There is a middle way.

I recently read a good article by Barbara Pachter on just this subject. It has a lot of good advice, but the end in particular caught my attention with the advice to stay assertive, not aggressive.

A lot of people equate assertiveness with aggression. What’s the difference?

If we assume we only have two choices, being polite or being pushy, most people opt for polite. A few opt for pushy, figuring it’s the only way to win.

Some of the latter actually relish it, but a lot of those folks (based on my own conversations with students) wind up feeling bad about themselves, and even if they don’t, they often suffer from losing business and social contacts.

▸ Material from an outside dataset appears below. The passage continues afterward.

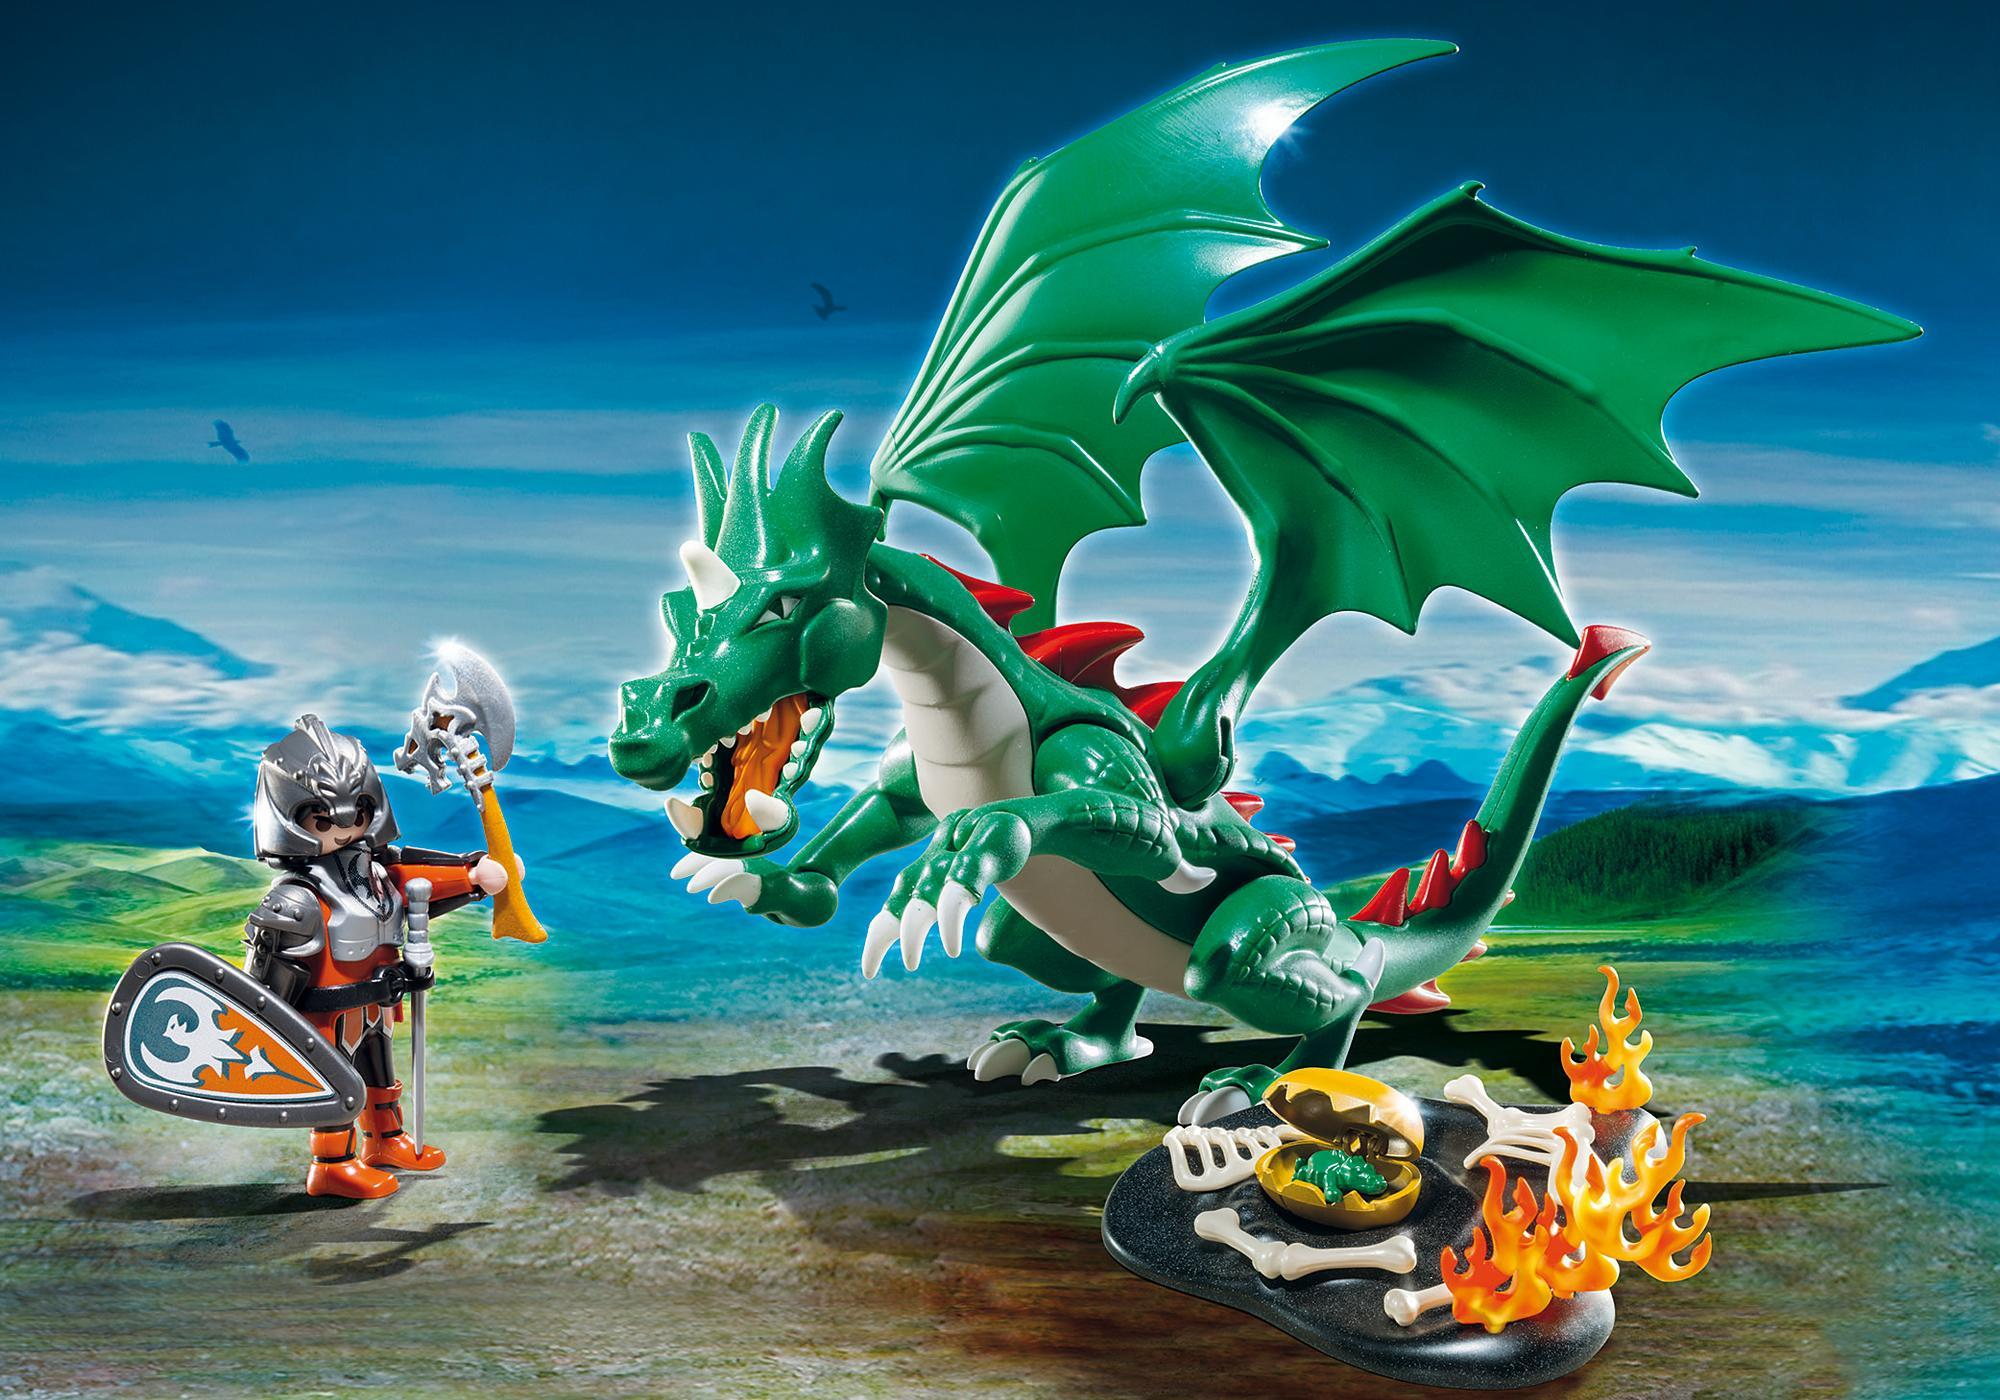 http://media.playmobil.com/i/playmobil/6003_product_detail/Chevalier avec grand dragon vert

The polite ones may not be any happier, though. Many of them report feeling walked on, taken advantage of, etc. In fact, many of them actually move into a pattern too many of us recognize: the passive-aggressive pattern, in which we put up with perceived mistreatment until we explode.

Ironically, both passive behavior (“polite”) and aggressive behavior (“pushy”) share the same goal: controlling someone else. Both attempt to get a certain response from another person. The goal of passive behavior is to please the other person (so s/he will do as you wish), and the goal of aggressive behavior is to dominate the other person (so s/he will do as you wish).

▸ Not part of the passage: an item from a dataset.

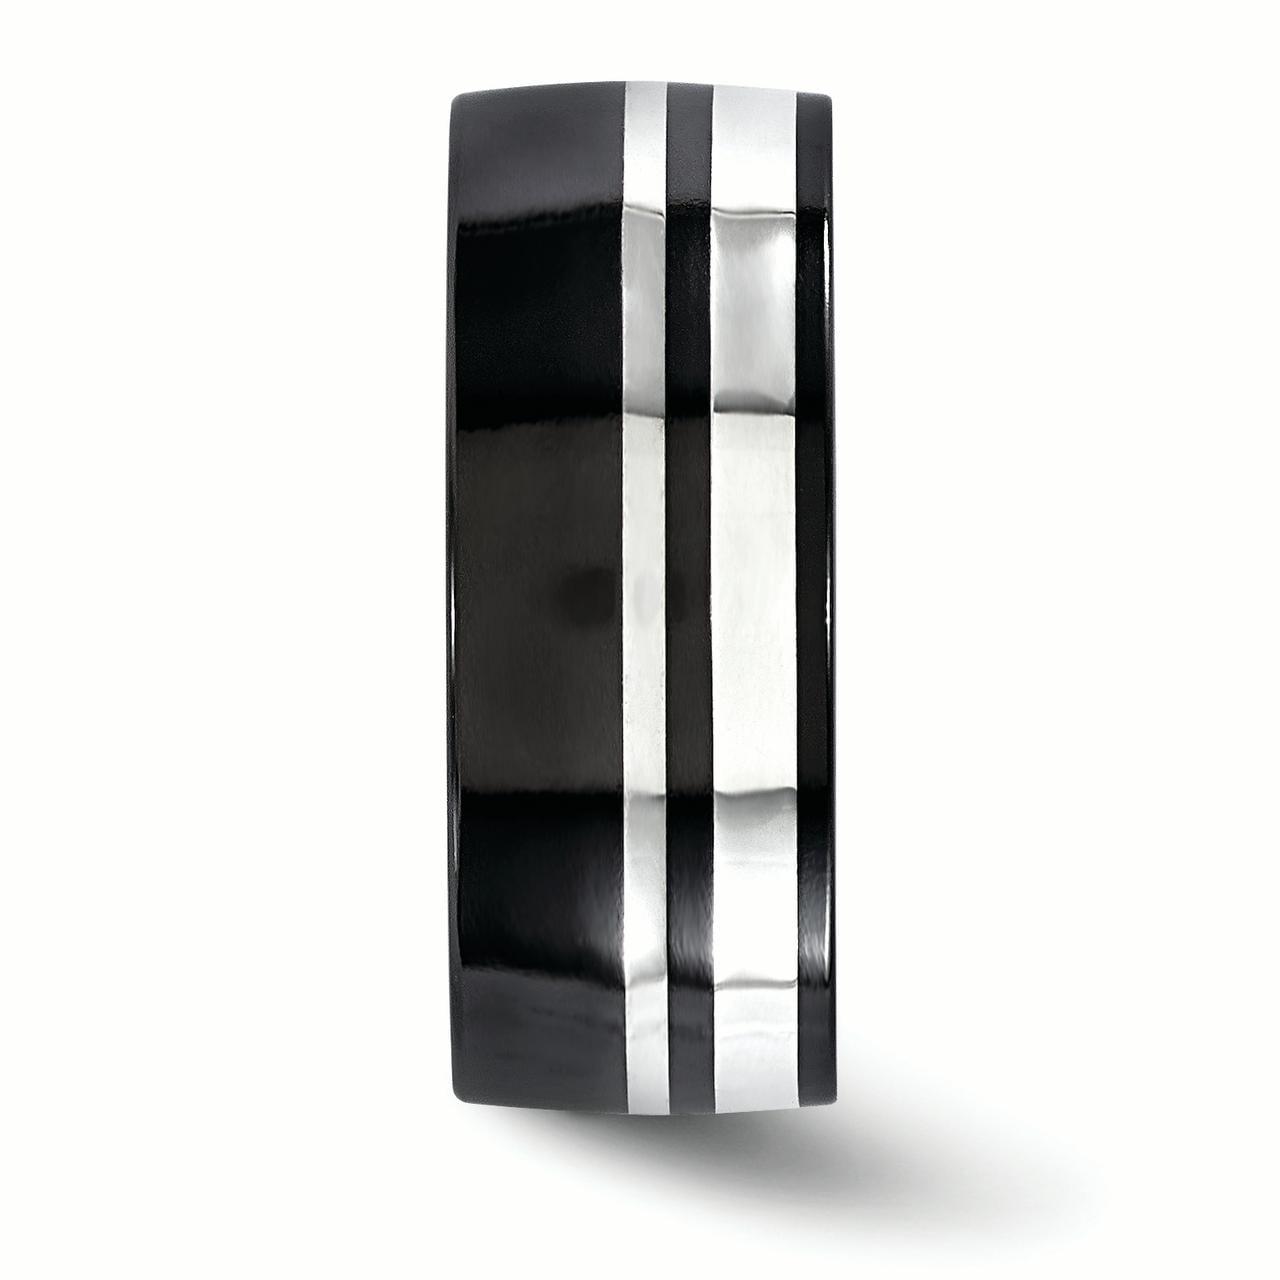 Edward Mirell Black Ti & Sterling Silver 9mm Polished Band Size 8 - image 2 of 3

Again: there is a middle way.

That middle way is assertiveness, recommended by the aforementioned article. The goal of assertiveness is simply clarity. You seek to communicate clearly, and ultimately you may hope the other person will agree and choose to do as you wish–but if that happens it will result from the other’s decision, not from the other’s pity or fear.

Passive people often report feeling bad about themselves and the other person, as do aggressive people. Assertive people generally feel healthy self-respect and healthy respect for the other.